On the other hand, as a furniture maker, you may see less revenue from this demand since millennials – a large portion of current home buyers – typically prefer low-cost furniture. And as you likely know, large furniture corporations have far more leeway than small furniture businesses such as your own to sell items at lower prices.

This reality places you in a uniquely competitive environment that small business loans for furniture makers can help you face. Below, learn more about low-cost funding options.

Funding challenges and opportunities for furniture makers

Many funding challenges that furniture makers face are not necessarily unique to the furniture industry. For example, lenders are known to balk at approving loans for borrowers in struggling industries – a description that fits many industries due to the COVID-19 pandemic. Other funding obstacles are more specific to the needs of furniture companies.

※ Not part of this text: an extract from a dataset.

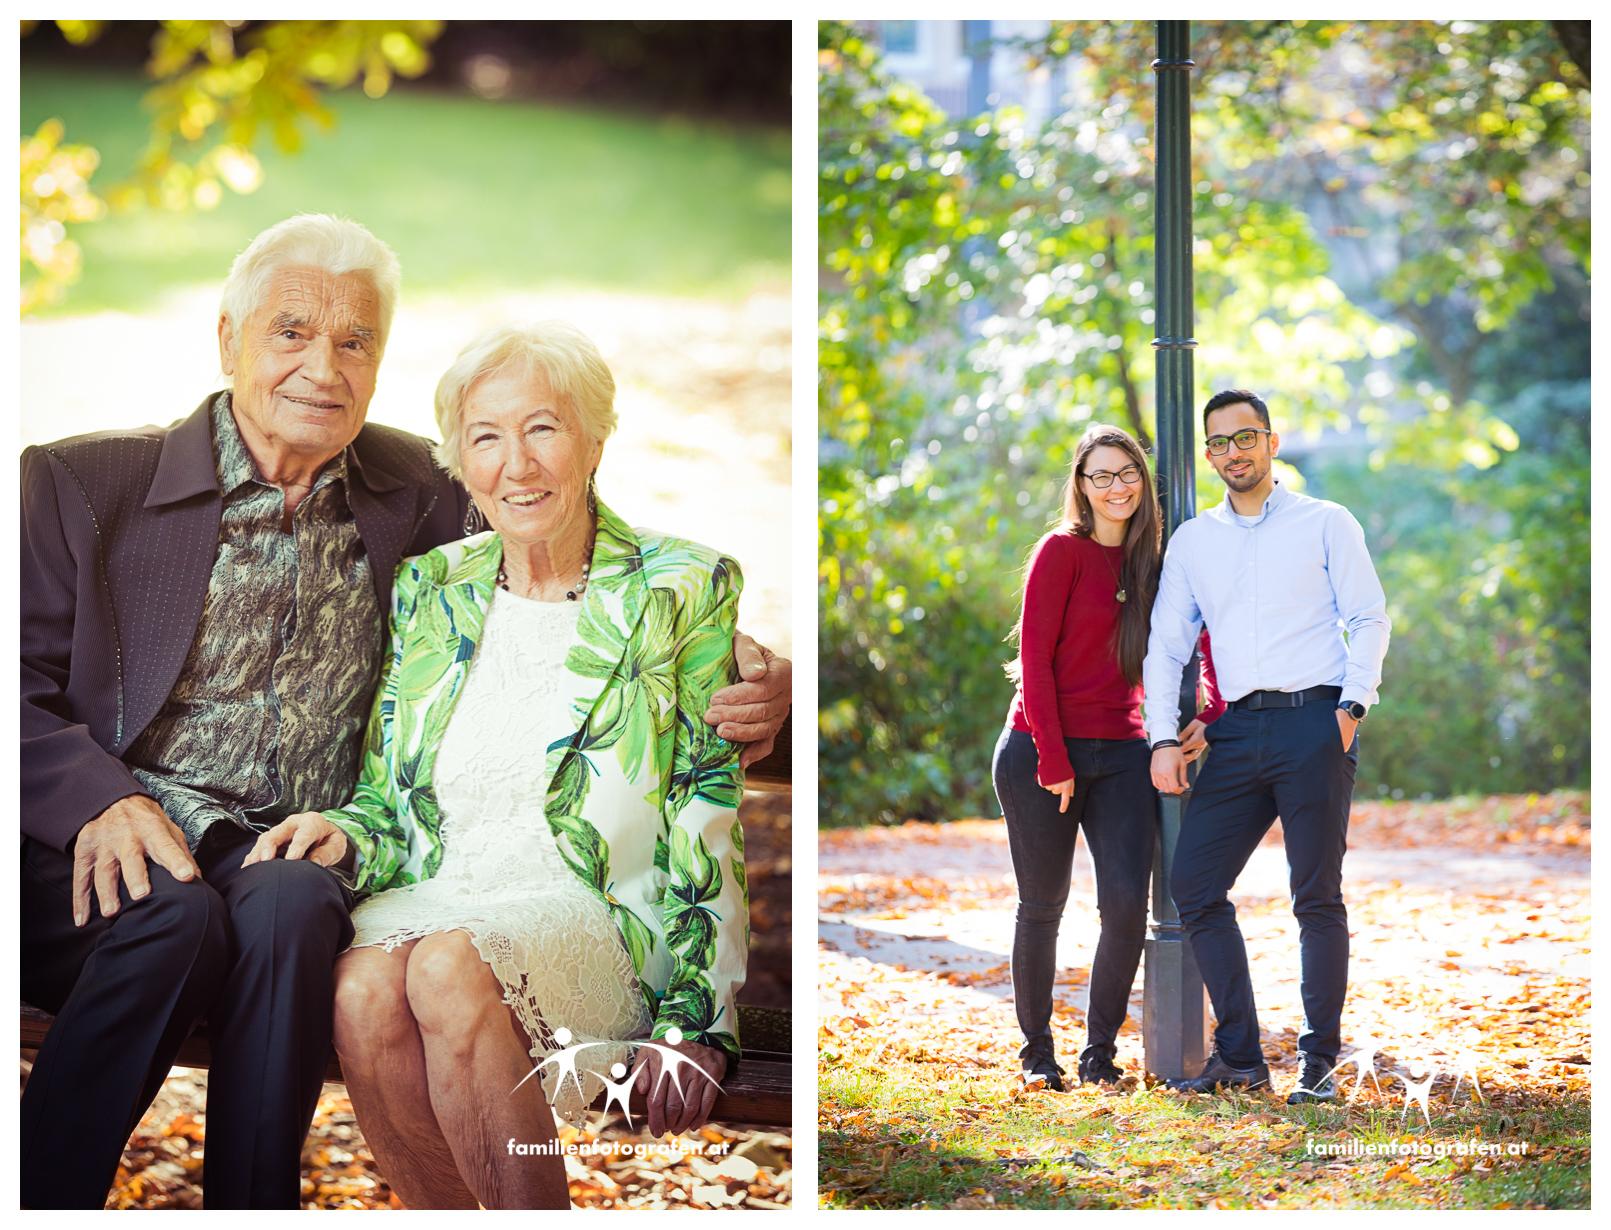 Familienfotos als Geschenk zum Hochzeitstag

Compared to many other sectors, the furniture industry has a greater need for skilled workers. Specialized fields such as engineering and finance have a vast pool of recent college graduates from which to staff their teams, but furniture making is not as frequent a chosen profession, making furniture builders an in demand profession. As such, appropriately skilled workers for furniture companies can seem far and few between, so furniture makers may struggle to keep up in times of high demand. Lenders aware of this challenge may feel less inclined to approve small business loans for furniture makers, but funding remains possible via the routes below.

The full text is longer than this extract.